5

As per request of the fantastic fellas over at the C++ chat lounge, what is a good way to break down a file (which in my case contains a string with roughly 100 lines, and about 10 words in each line) and insert all these words into a std::set?

Nico Bellic
  • 363
  • 2
  • 4
  • 13
  • I'm not sure what you mean by the verb "*to index*". Perhaps you meant "and **insert** all these words into a std::set?" – Robᵩ Jun 21 '12 at 20:45

3 Answers3

25

The easiest way to construct any container from a source that holds a series of that element, is to use the constructor that takes a pair of iterators. Use istream_iterator to iterate over a stream.

#include <set>
#include <iostream>
#include <string>
#include <algorithm>
#include <iterator>

using namespace std;

int main()
{
  //I create an iterator that retrieves `string` objects from `cin`
  auto begin = istream_iterator<string>(cin);
  //I create an iterator that represents the end of a stream
  auto end = istream_iterator<string>();
  //and iterate over the file, and copy those elements into my `set`
  set<string> myset(begin, end);

  //this line copies the elements in the set to `cout`
  //I have this to verify that I did it all right
  copy(myset.begin(), myset.end(), ostream_iterator<string>(cout, "\n"));
  return 0;
}

http://ideone.com/iz1q0

Mooing Duck
  • 64,318
  • 19
  • 100
  • 158
  • I'd _just_ finished writing after seeing Drise's sample in chat – Mooing Duck Jun 21 '12 at 20:45
  • 1
    I would like to clarify that I chose Drise's answer over this because this kind of question falls more into the "beginner" category, and MooingDuck's answer seems to be a bit more advanced (future readers, including myself at the moment, might not be able to understand it). @MooingDuck I absolutely appreciate it though. – Nico Bellic Jun 21 '12 at 21:01
  • 5
    @Nico : On the other hand, _this_ code is idiomatic; if I saw Drise's code in real, production code, I'd scratch my head and wonder why they took such a verbose approach and probably end up rewriting it this way. – ildjarn Jun 21 '12 at 21:08
  • I don't understand this code 100% yet.
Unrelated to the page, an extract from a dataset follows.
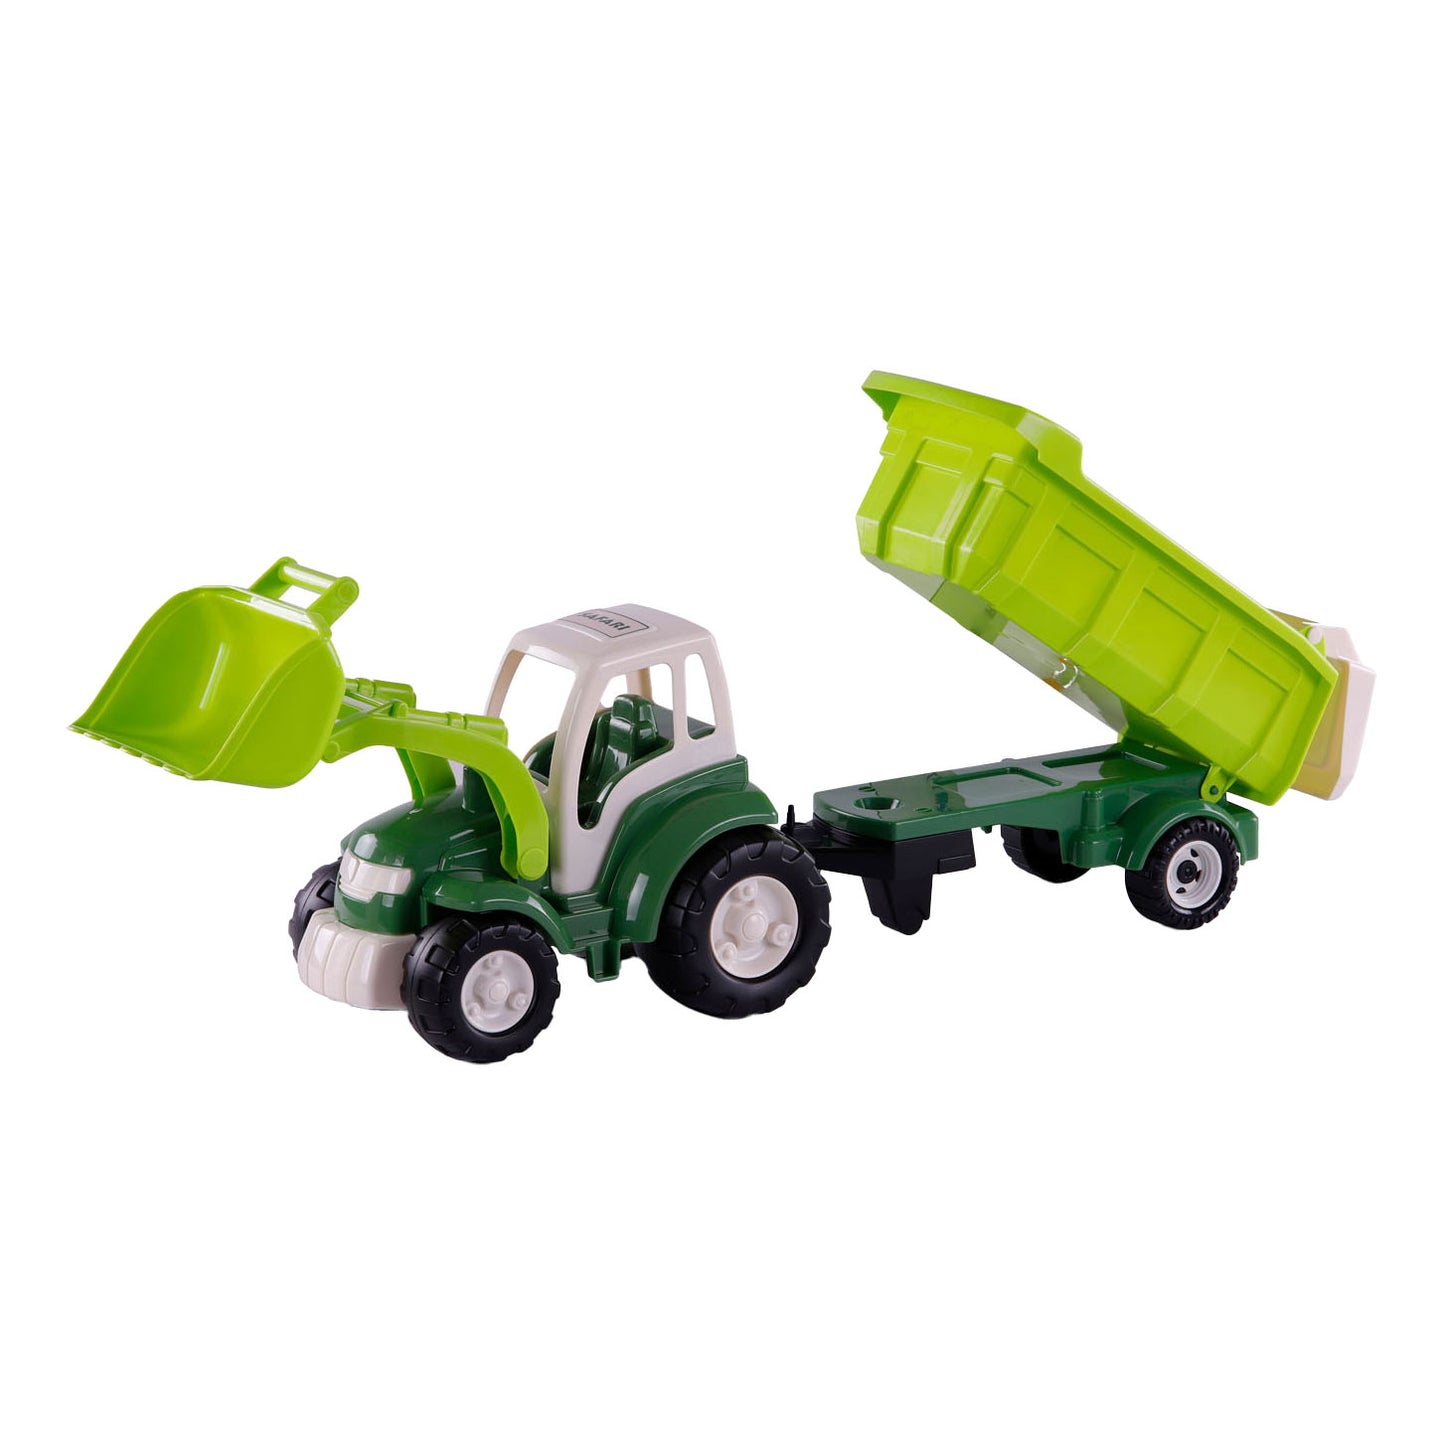 Cavallino Toys Cavallino XL Tractor Green con rimorchio inclinato, 86,5 cm
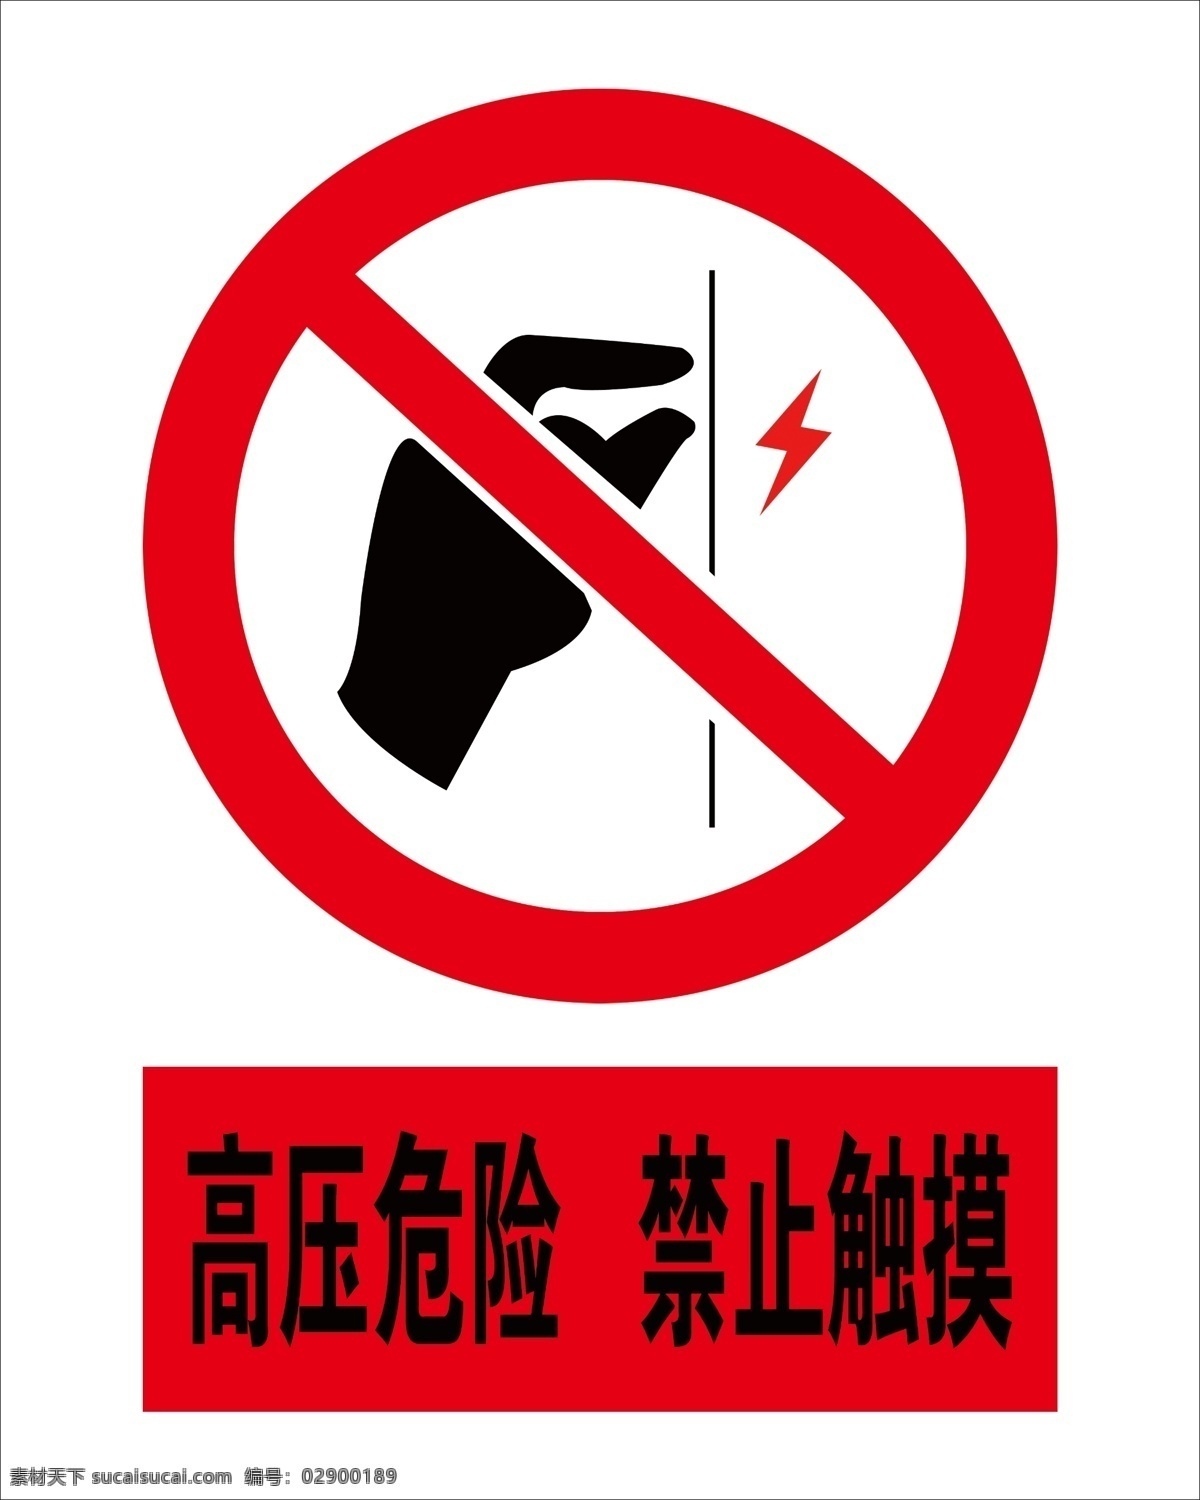 禁止触摸 手 触摸 高压危险 闪电 电力标志 安全标志 分层

But I think the magical word splitting happens in `istream_iterator(cin)`. Is there a similar way to split all words in a given `std::string`? – Lukas Schmelzeisen Jun 21 '12 at 21:09
  • 2
    @LukasSchmelzeisen: `ostringstream` is designed for exactly that purpose. It makes a `string` that acts like a `ostream` – Mooing Duck Jun 21 '12 at 21:10
  • 3
    @Drise : Sorry, but this code is simply not confusing or advanced. – ildjarn Jun 21 '12 at 21:12
  • 3
    @Drise: Once you get more familiar with using iterators, and the `` header, this code is _way_ easier to understand than your code. – Mooing Duck Jun 21 '12 at 21:12
  • 4
    @Drise: How can this be any easier to read. You iterating over a stream and putting it in a container (when you read a string from a stream one word is retrieved so we are reading words and putting them into a set). This is much easier to read and understand than your code. – Martin York Jun 21 '12 at 23:21
3

Assuming you've read your file into a string, boost::split will do the trick:

#include <set>
#include <boost/foreach.hpp>
#include <boost/algorithm/string.hpp>

std::string astring = "abc 123 abc 123\ndef 456 def 456";  // your string
std::set<std::string> tokens;                              // this will receive the words
boost::split(tokens, astring, boost::is_any_of("\n "));    // split on space & newline

// Print the individual words
BOOST_FOREACH(std::string token, tokens){
    std::cout << "\n" << token << std::endl;
}

Lists or Vectors can be used instead of a Set if necessary.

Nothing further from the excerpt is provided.